Friday, July 18, 2008

The Samaritan Paradox

Last night my wife and I had a "date night". It was great - dinner at Altruda's (great Italian place for you non-Knoxvillians), then went to Downtown West to see the new Helen Hunt/Bette Midler movie. I haven't been to Downtown West in years, so it was fun to see the old haunt again. I remember seeing Star Trek II: The Wrath of Khan there, lo these many years ago - and also Star Trek VI: The Undiscovered Country with Big Orange Michael. But I digress.

The movie was over around 10pm, and as Laura and I started to get in our car a pickup/SUV pulled up beside me. Driving was a clean-cut, mid-20's young man who was nicely dressed. Beside him in the passenger seat - a less than neatly dressed, slightly unsavory looking gentleman who kept his head down during the entire conversation. The driver pulled up and asked me for a moment of my time through his open window. He assured me - repeatedly - don't be scared, he's not up to anything. He told me his wife had just miscarried in Dandridge, his other child had cerebral palsy, he worked in a security systems business, and he just needed some gas money to get to Dandridge. He was very polite, yet fairly insistent.

A couple things flashed through my mind immediately. First I was glad Laura was on the other side of the van and blocked physically from the guys in the truck. She also (unknown to me) was getting her own car keys and the cell phone ready in case of trouble. Second, I thought quickly about his story: wife just miscarried? in Dandridge? and you have a kid with Cerebral palsy? Security systems? Sounds like a lot of unfortunate coincidences at once, and almost too many specific details about his life to start off a plea for assistance. Thirdly, I thought if you're running too low on gas to get to Dandridge (which isn't that terribly far away from Knoxville, really) why are you wasting gas driving around anonymous dark parking lots at night asking strangers for gas money when it would make more sense to take off for home immediately upon receiving word of the trouble. Or better yet, call someone from home to come and get you. More and more illogical circumstances.

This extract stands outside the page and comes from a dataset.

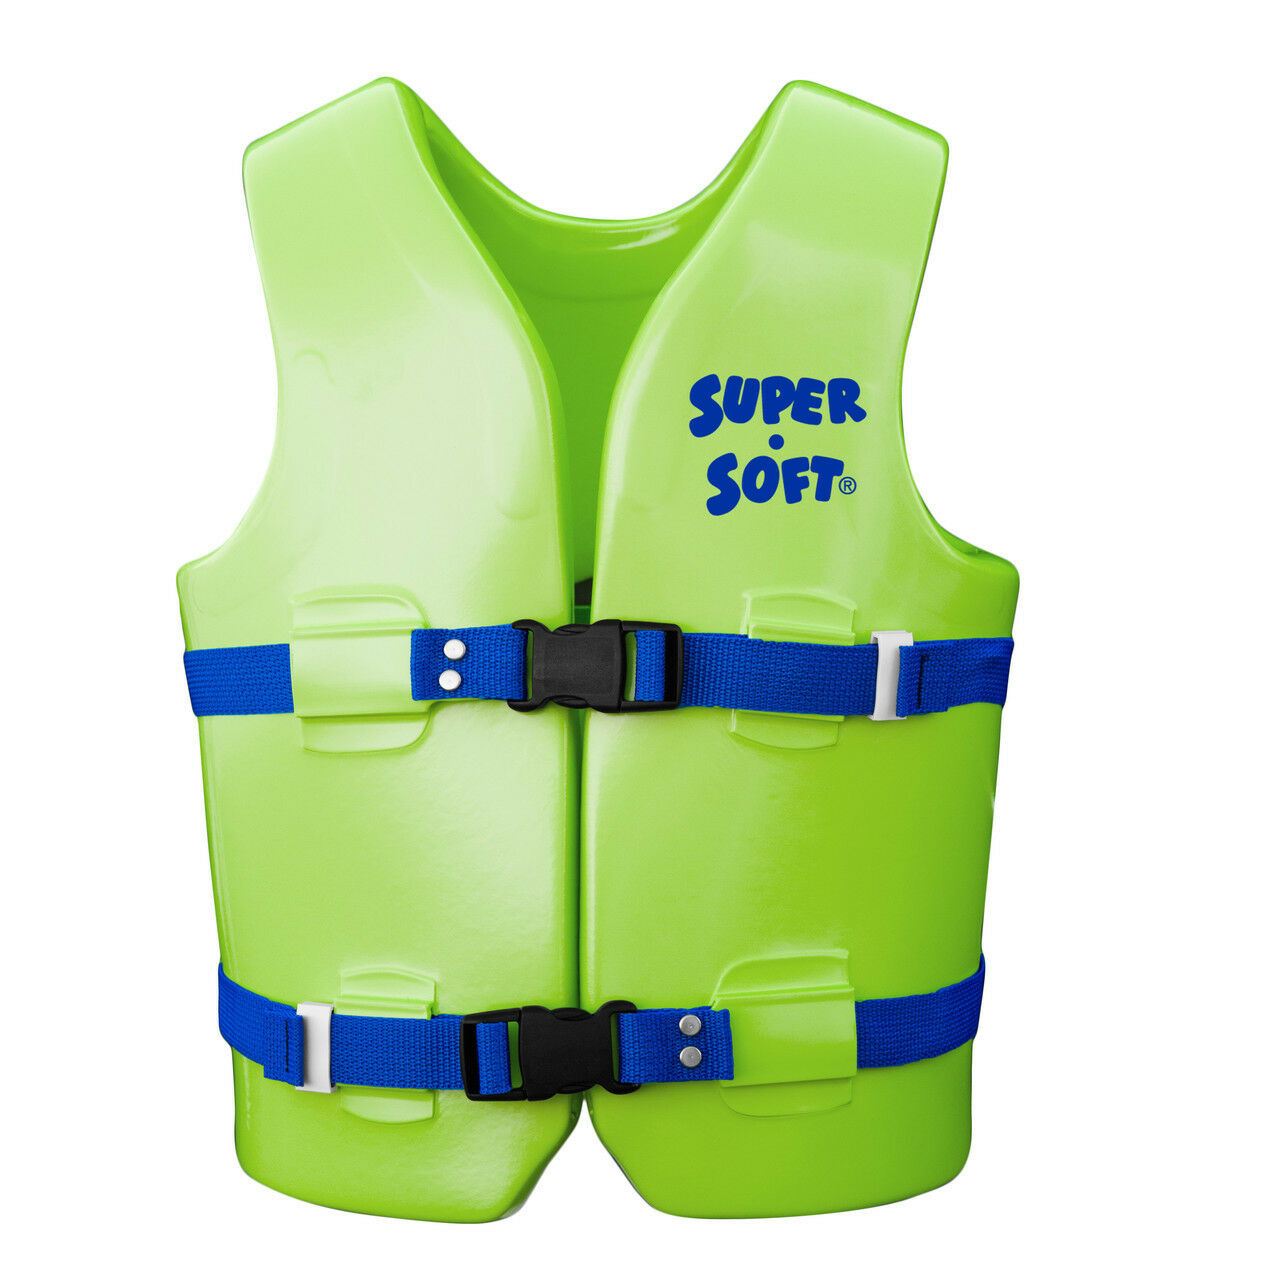 TRC Recreation Super Soft USCG Youth Medium Swim Vest, Kool Lime Green
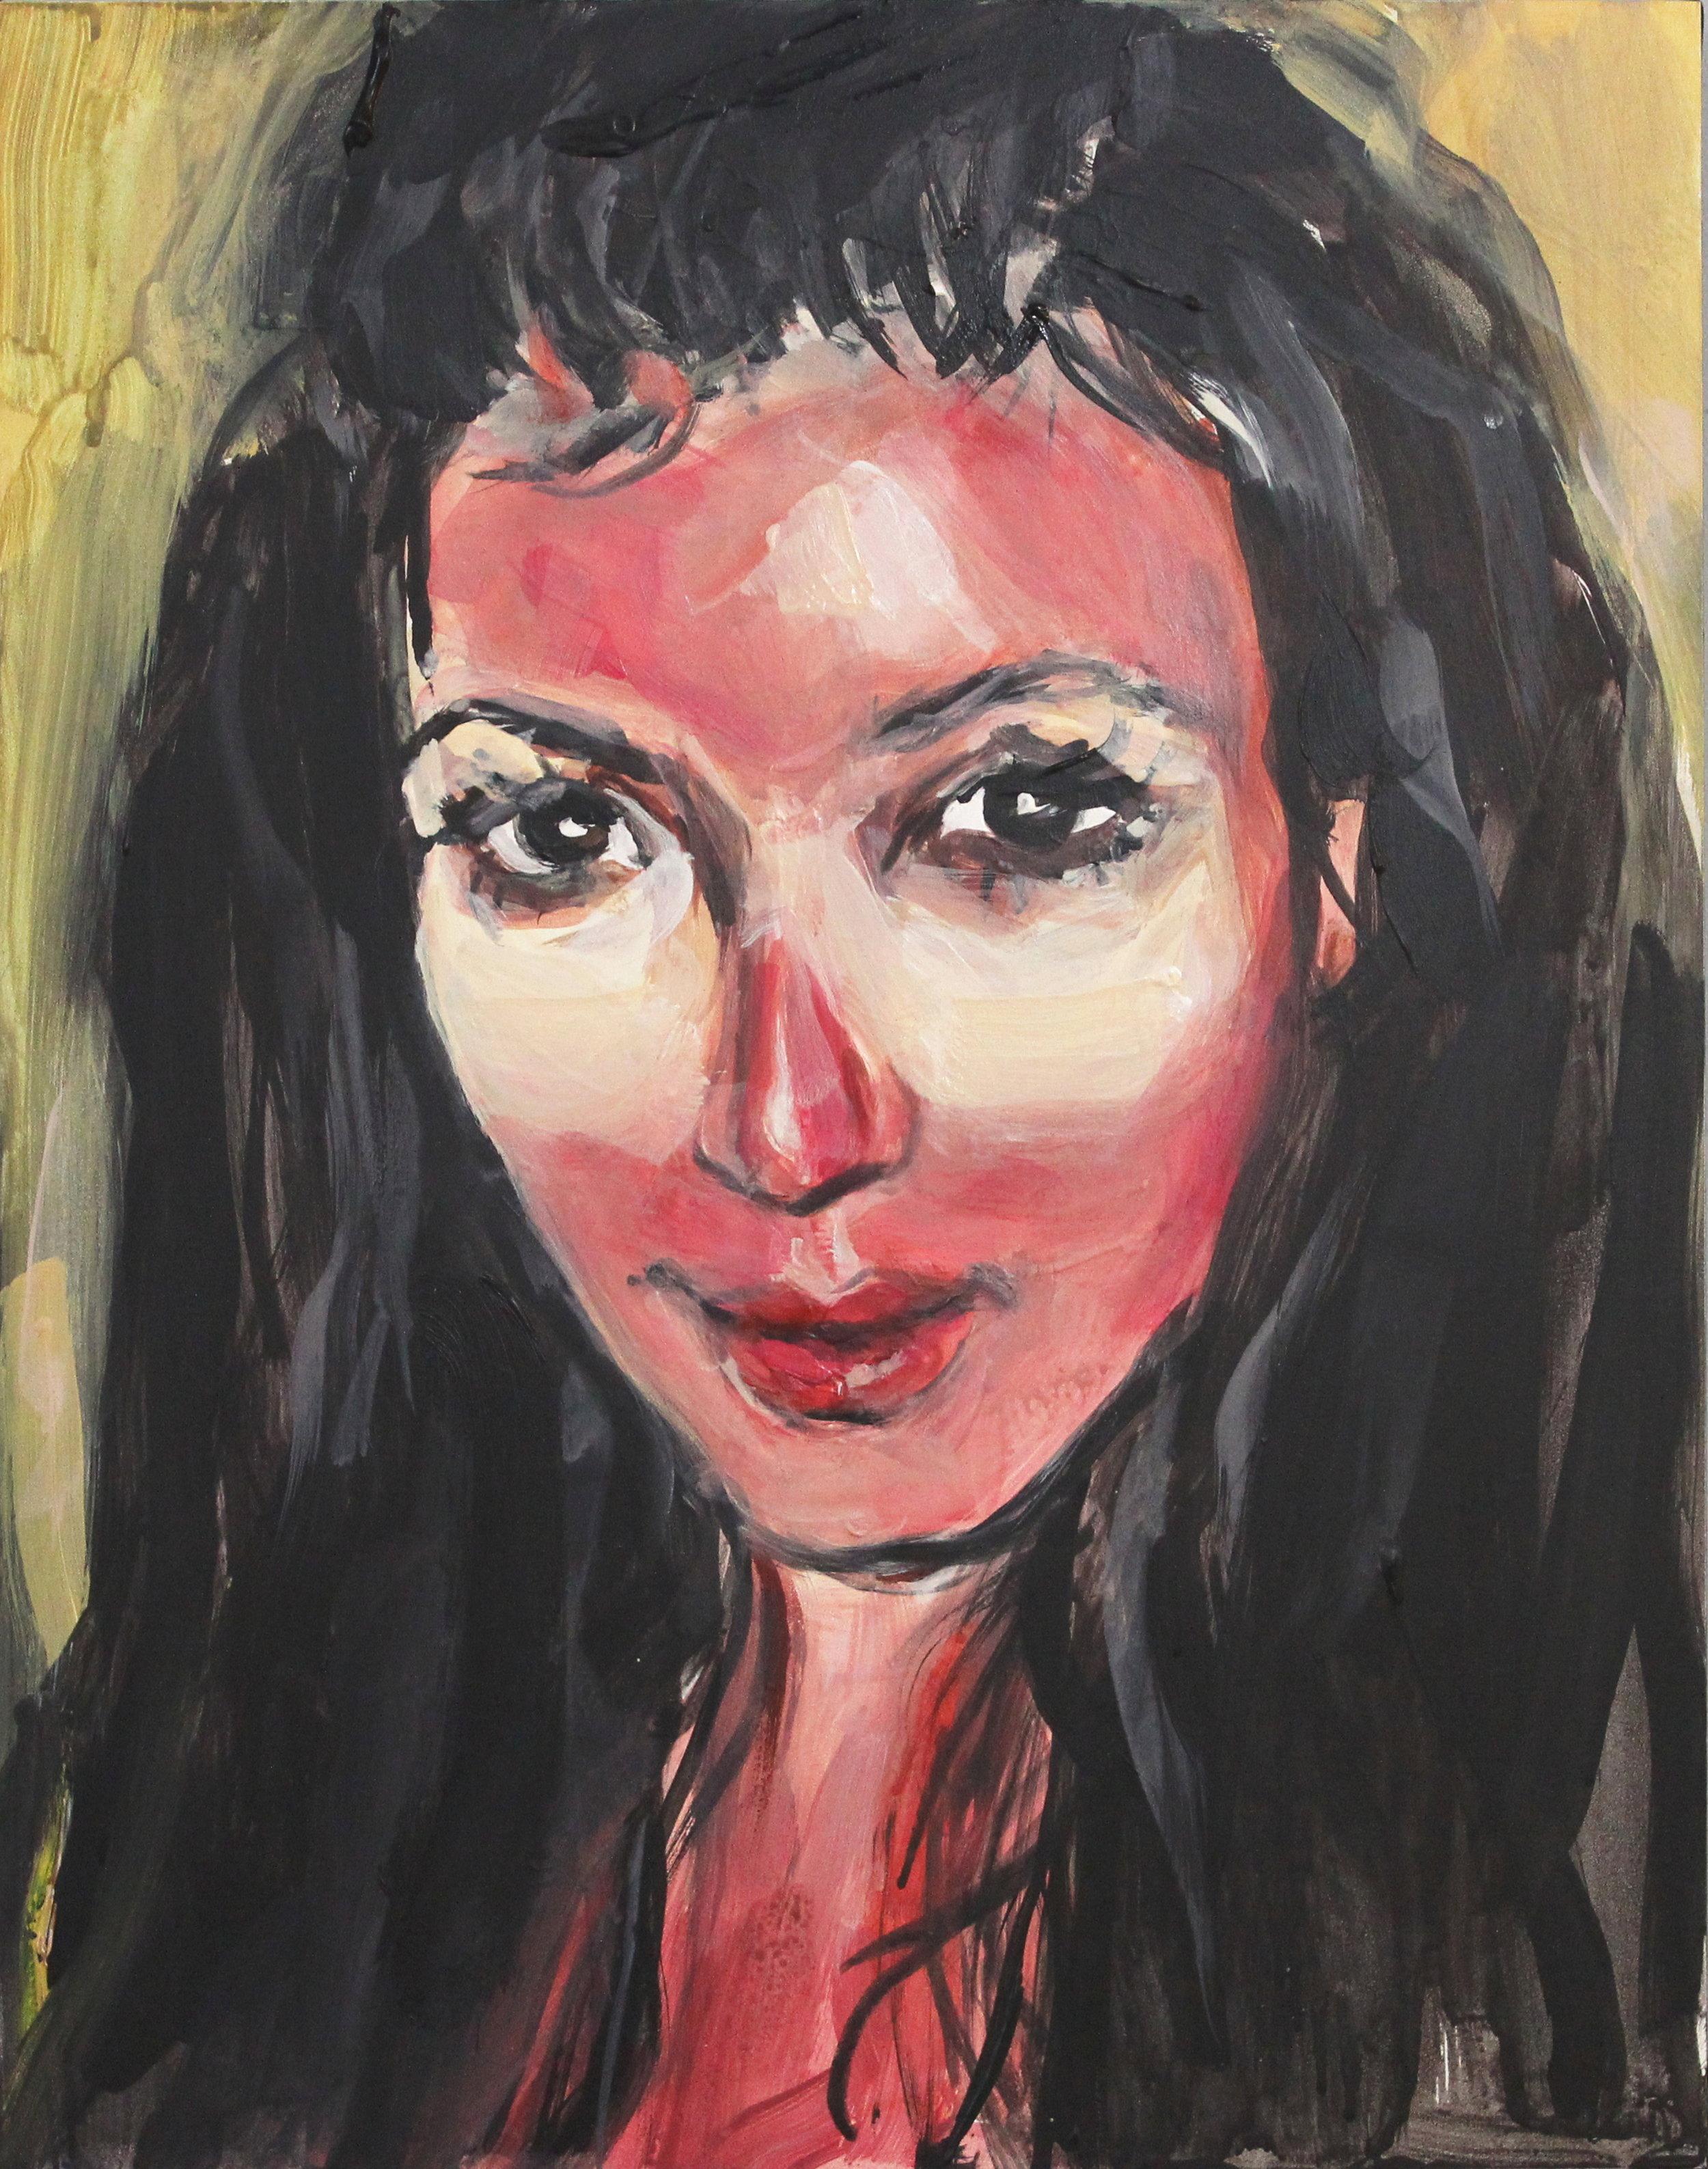 "Kim Kardashian With a Sunburn  11"" x 14"" acrylic on panel"

Fourth, I tried to recall any shelters or churches nearby in West Knoxville that migth be available, but there really aren't - all the homeless shelters are downtown, and no churches would be open this late at night on a Thursday.

Fifth, I tried to remember where a gas station was nearby that I could direct him to drive to, where I would safely pay for his gas. I'm not terribly familiar with the Downtown West area anymore, at least in remembering where nearby gas stations are, and I didn't want to stand there giving them more time alone with us while I racked my brain for the nearest Weigels or Pilot.

Sixth, I thought if they needed some gas money they should just go to the box office of the theatre nearby. Much better than hitting up random anonymous folks in a dark parking lot.

So I politely told him, sorry, I couldn't help him.

He hesitated, started to say something else, then thanked me and drove off.

We quickly got in the van and locked the doors, just in case. Laura scanned the area to see where they'd driven off to but we couldn't find them. We left and went home.

My question to you is: What would you have done? Would the same thought processes have gone through your mind? What other options should I have considered? What made me more nervous than anything was the fact that he was neatly dressed, apparently a professional and still needing gas money. Which led me to believe he didn't need gas money after all, but something else I'd rather not think of, like my wallet, my car, or...


I'll also just say this - buddy, if everything you told me was true (or even most of it), I apologize. I sincerely hope and pray you got your gas money, you made it home and tended to your family. Although I hate that your wife may have miscarried, that your child has CP, I almost hope that story was legit because the alternative is pretty scary. And that if real life situation like that happens to anyone else, they'll have the sense not to hit up total strangers in a parking lot and contact someone in some kind of public setting.